## What the exercise asks
Write out the data word for word, taking care that no picture is carried over.

Dataset records:
════
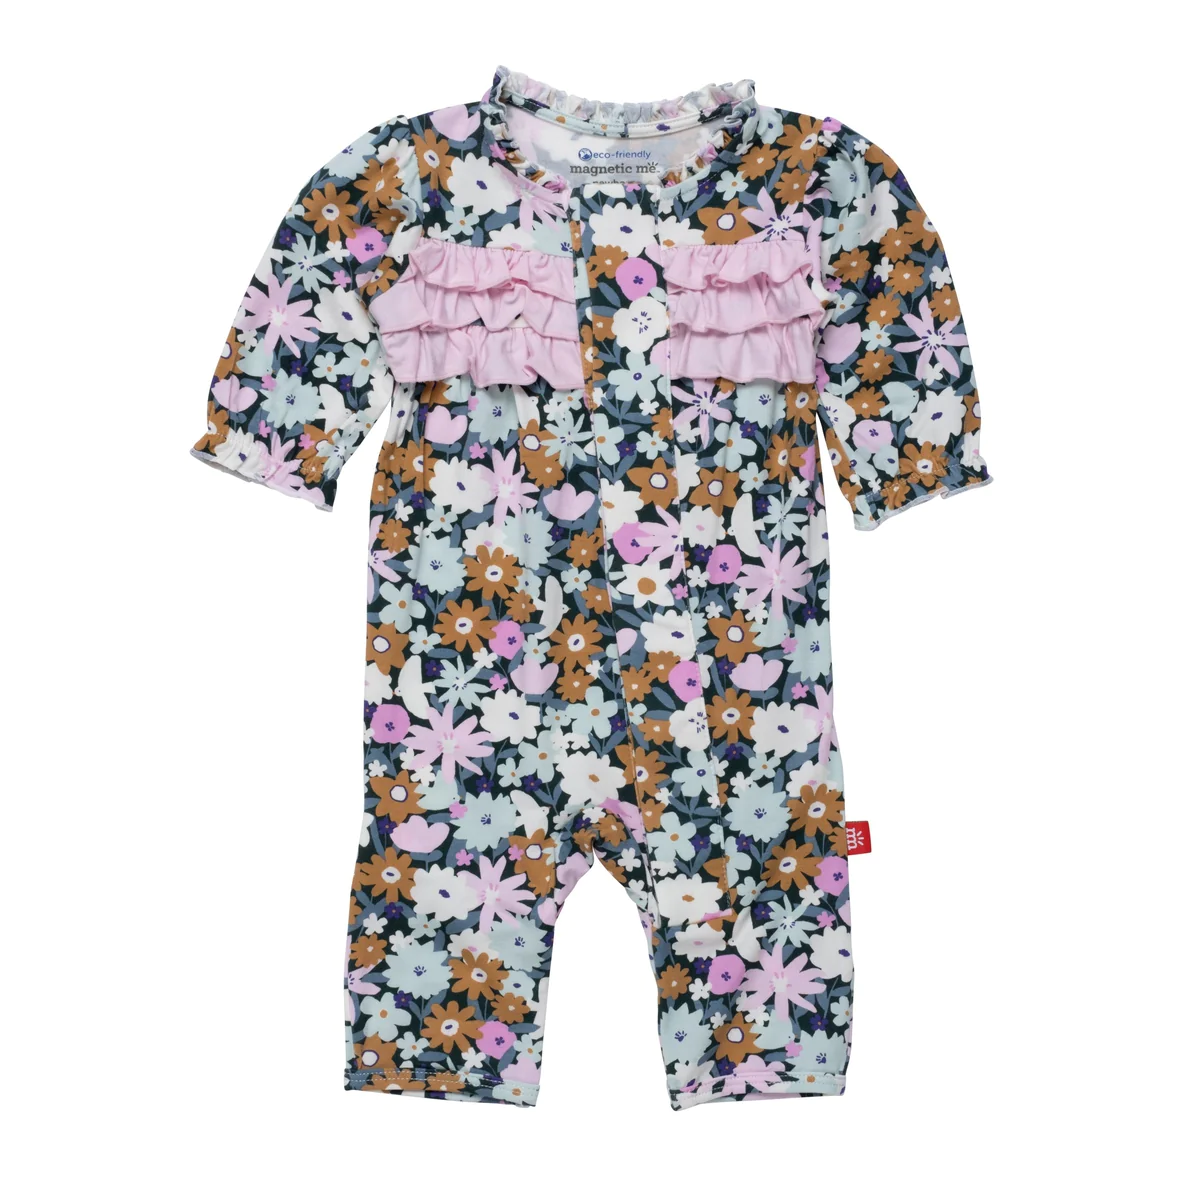 Finchley Ruffle Coverall - Magnetic Me
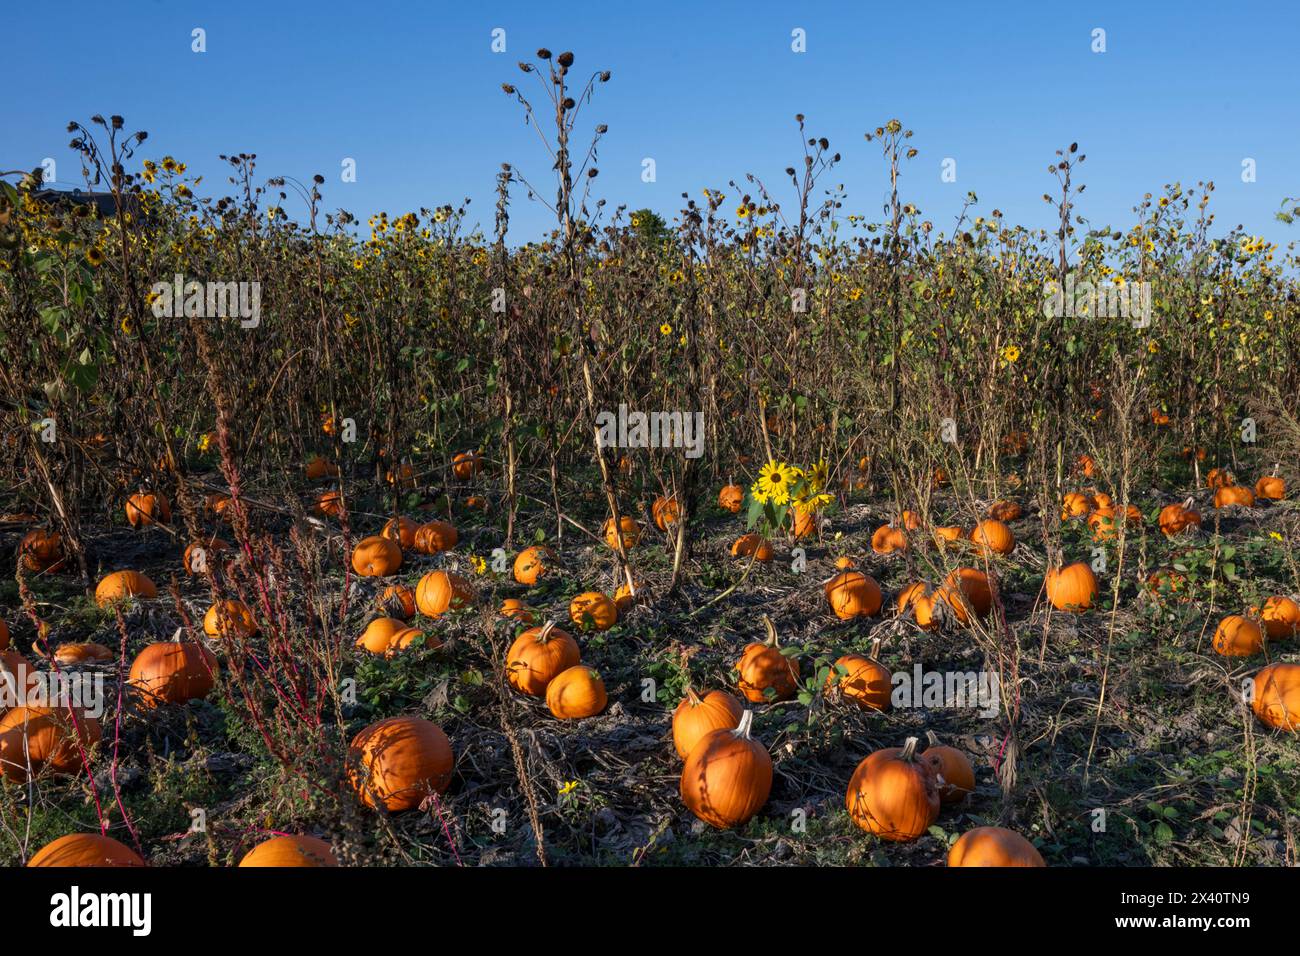 Pumpkin patch and sunflowers in a field with a blue sky at Bickford Farms; Vancouver Island, British Columbia, Canada Stock Photo
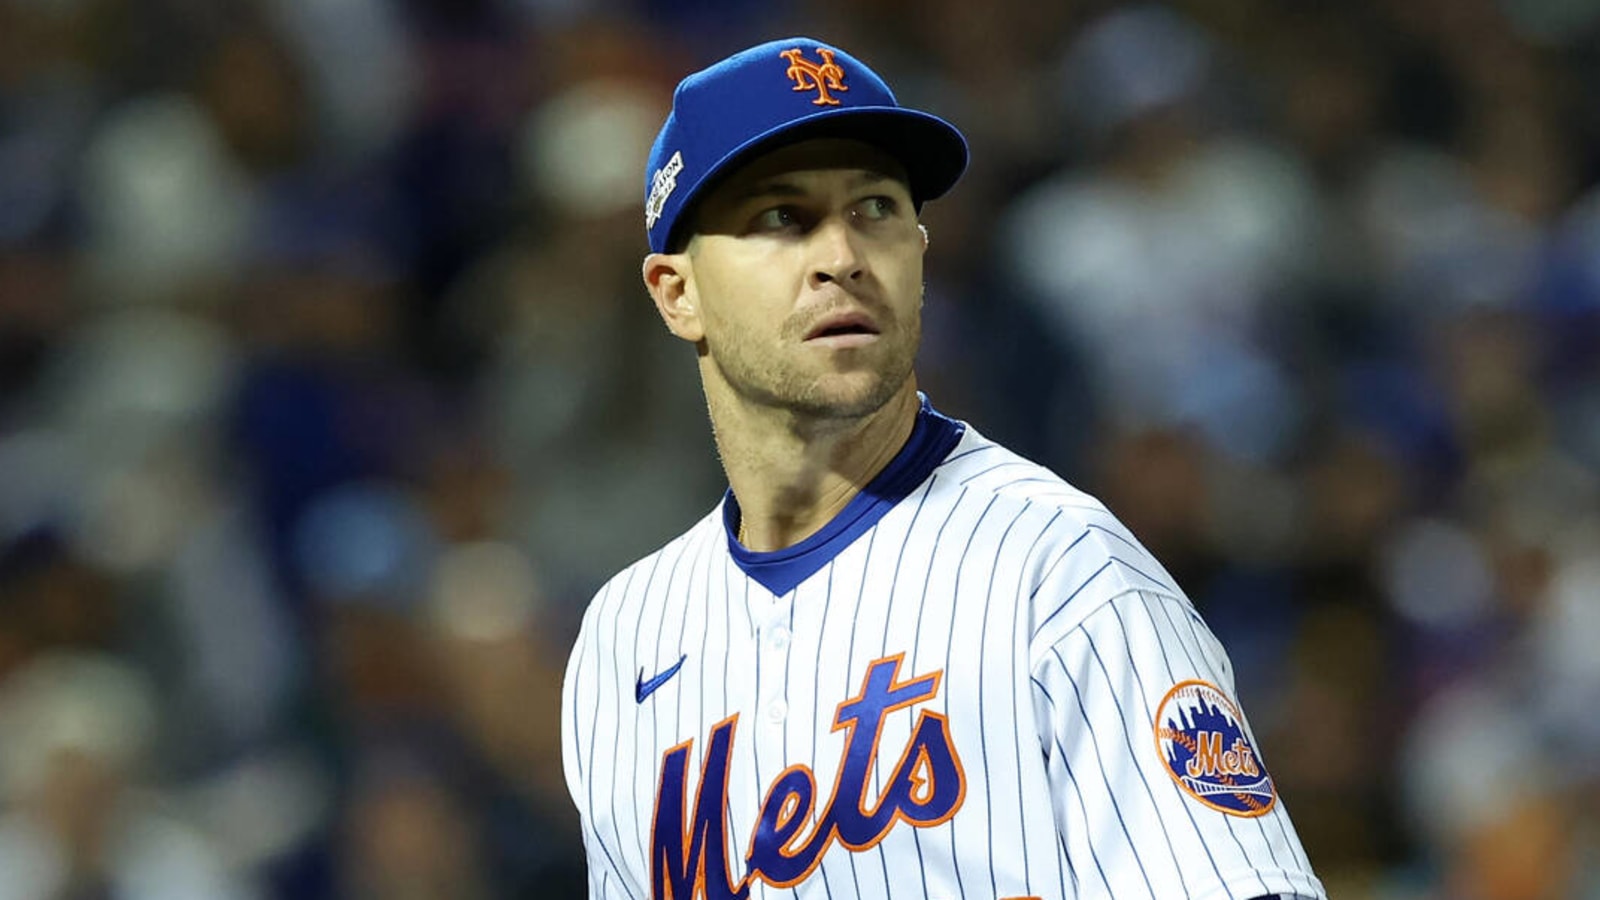 Mets tolerate Jacob deGrom's pushing limits. His body may not
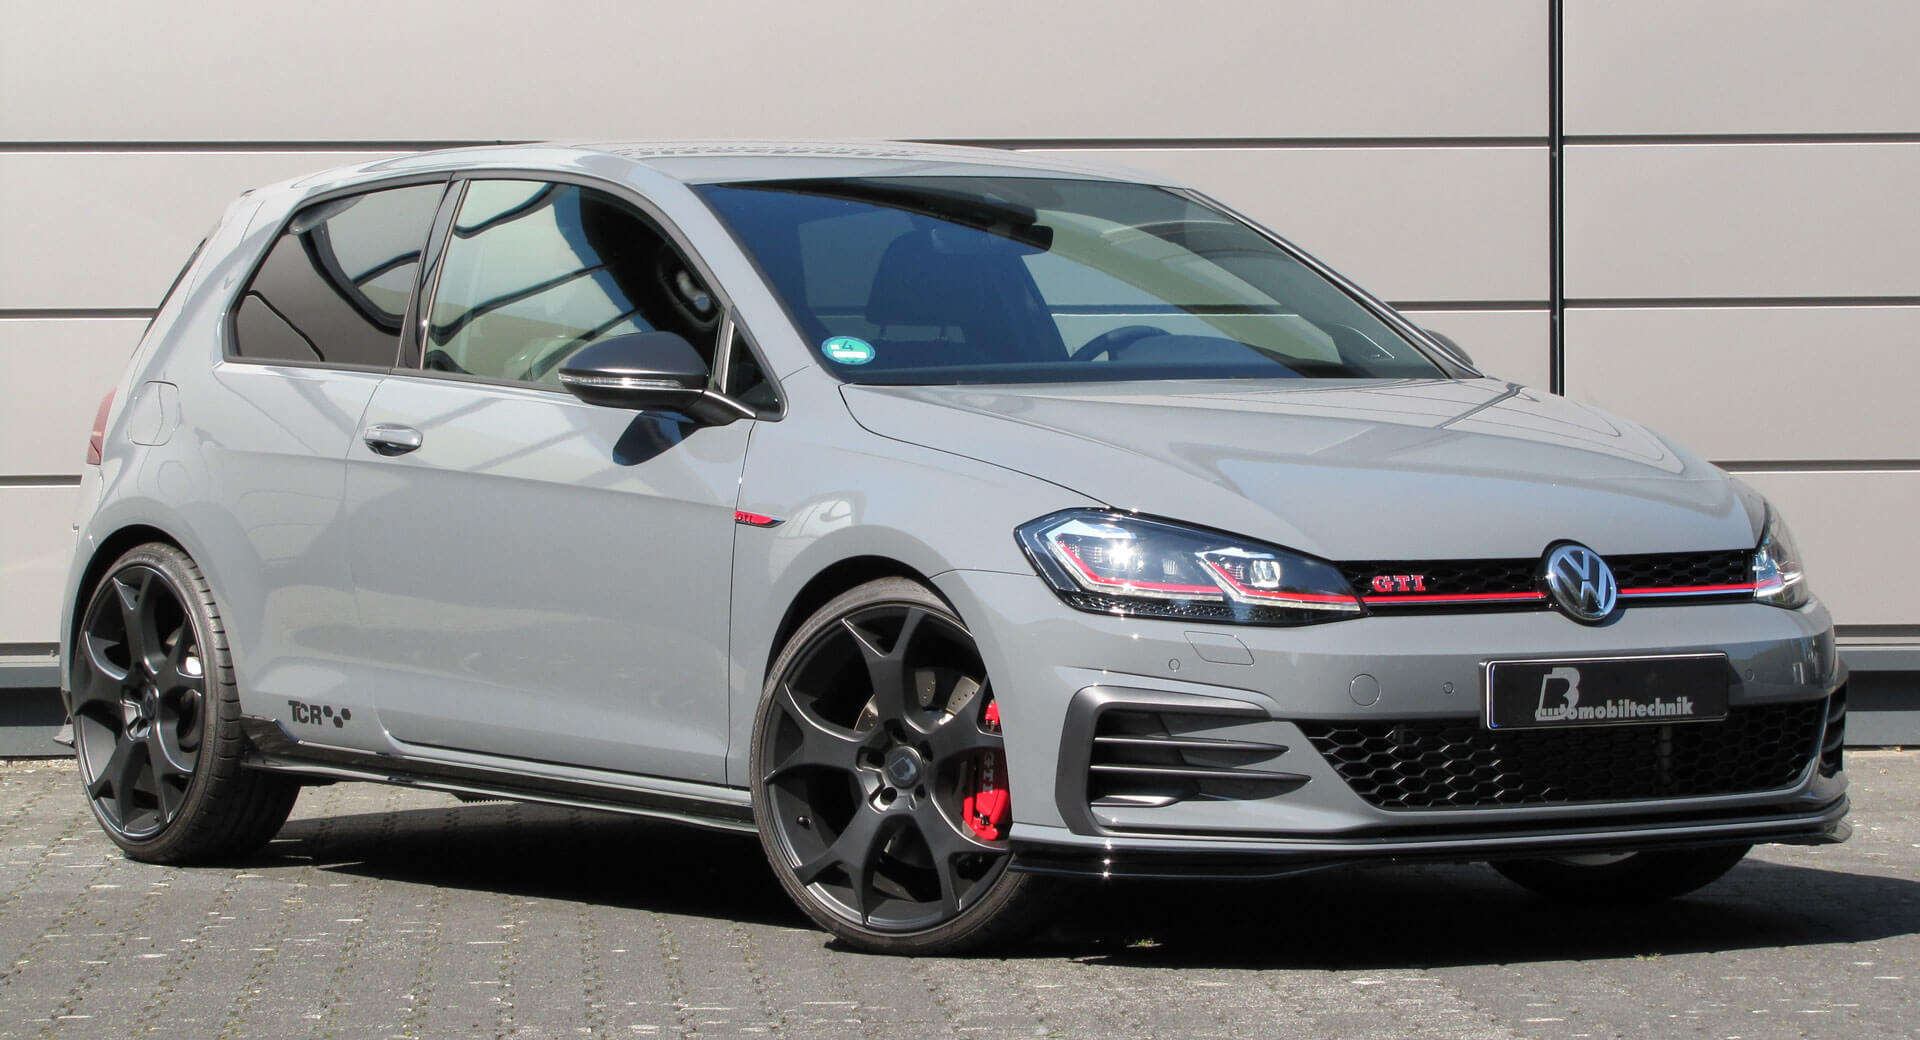 450ps Vw Golf Gti Tcr Is One Brave Fwd Mega Hatch Carscoops
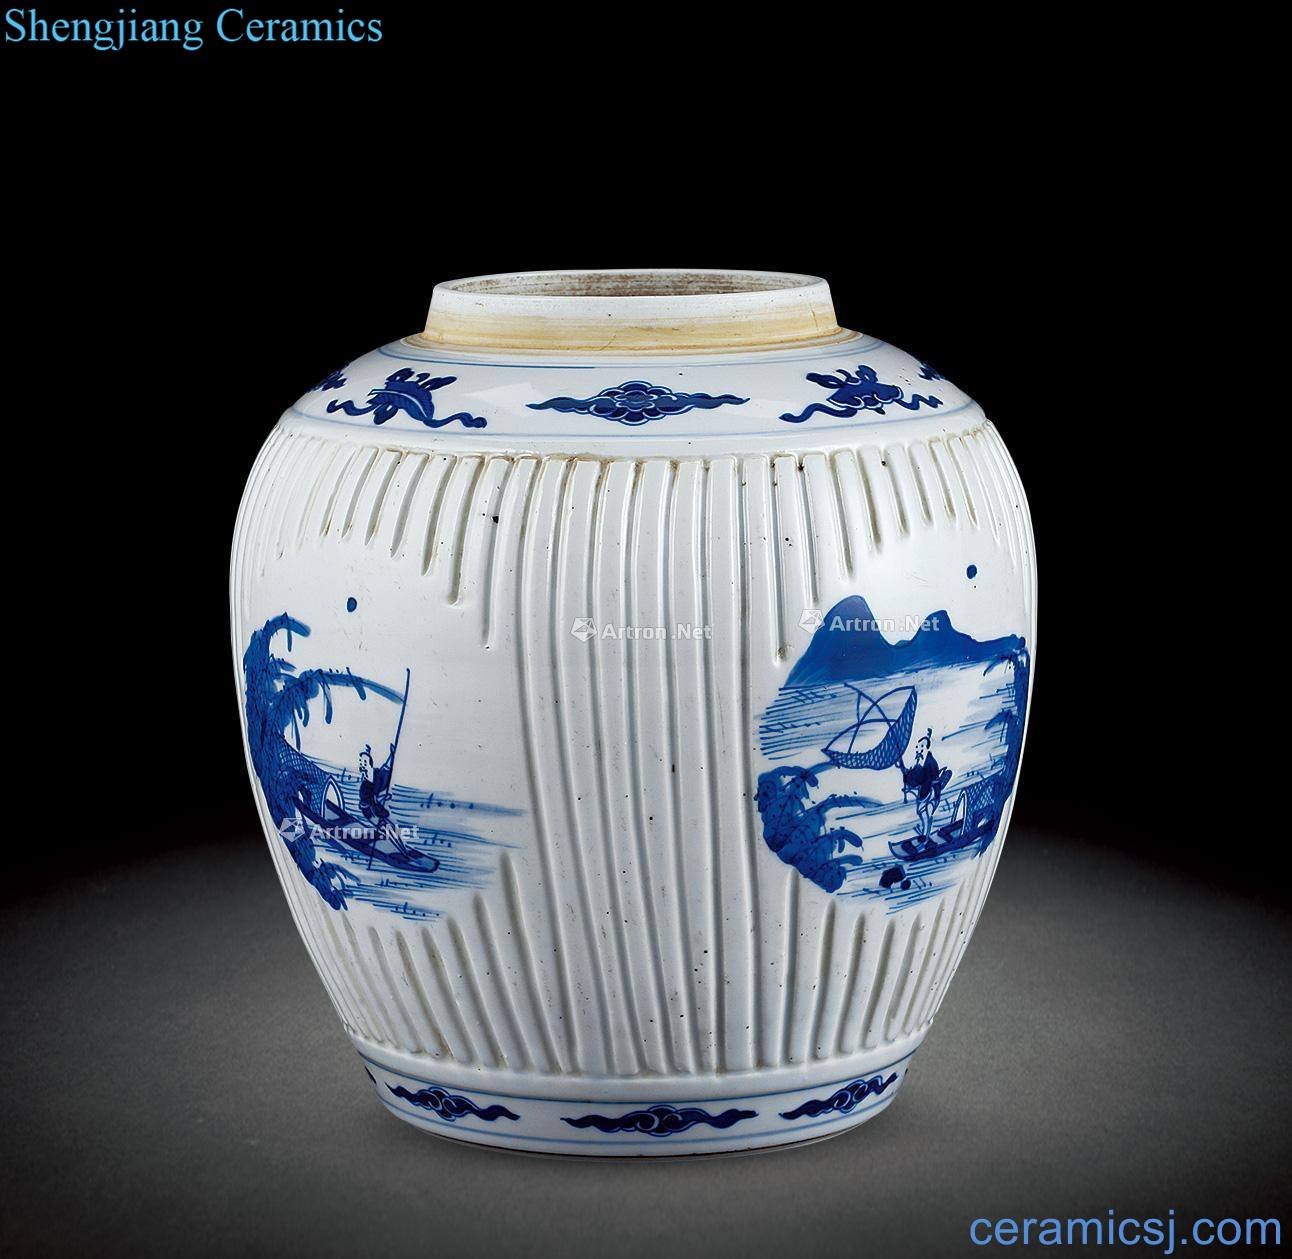 The qing emperor kangxi character lines cans
════
## Reply to the exercise
 Finchley Ruffle Coverall - Magnetic Me
 Pumpkin patch and sunflowers in a field with a blue sky at Bickford Farms; Vancouver Island, British Columbia, Canada Stock Photo
 Mets tolerate Jacob deGrom's pushing limits. His body may not
 450ps Vw Golf Gti Tcr Is One Brave Fwd Mega Hatch Carscoops
 The qing emperor kangxi character lines cans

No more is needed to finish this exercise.